Everything from the line containing "This small bathroom" through the line containing "The Royal Enfield" should be repeated exactly, and nothing else from the data.
╭─ INPUT DATA
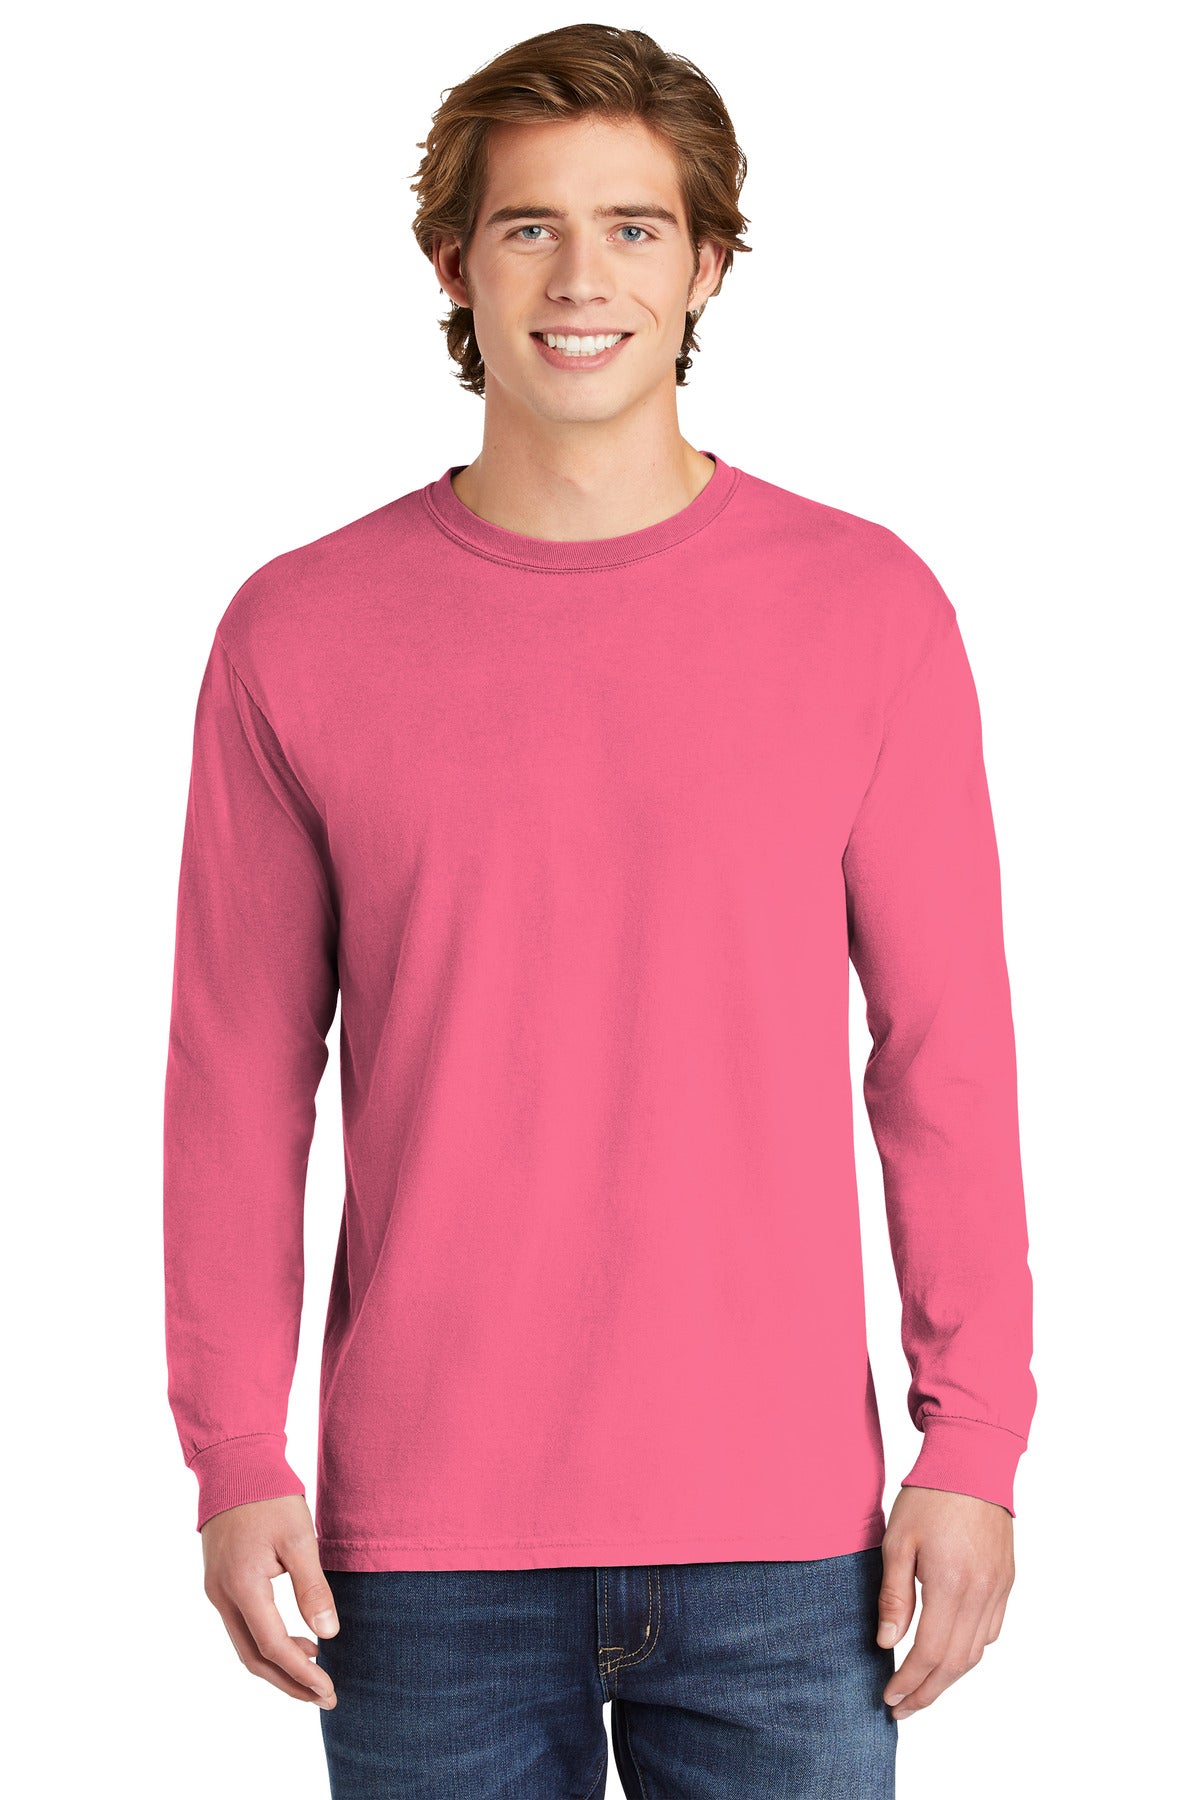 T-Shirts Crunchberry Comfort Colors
╰─
╭─ INPUT DATA
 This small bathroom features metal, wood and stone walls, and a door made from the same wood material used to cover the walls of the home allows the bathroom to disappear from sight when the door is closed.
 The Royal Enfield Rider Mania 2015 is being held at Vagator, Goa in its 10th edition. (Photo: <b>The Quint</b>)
╰─
REPLY TO THE TASK.
 This small bathroom features metal, wood and stone walls, and a door made from the same wood material used to cover the walls of the home allows the bathroom to disappear from sight when the door is closed.
 The Royal Enfield Rider Mania 2015 is being held at Vagator, Goa in its 10th edition. (Photo: <b>The Quint</b>)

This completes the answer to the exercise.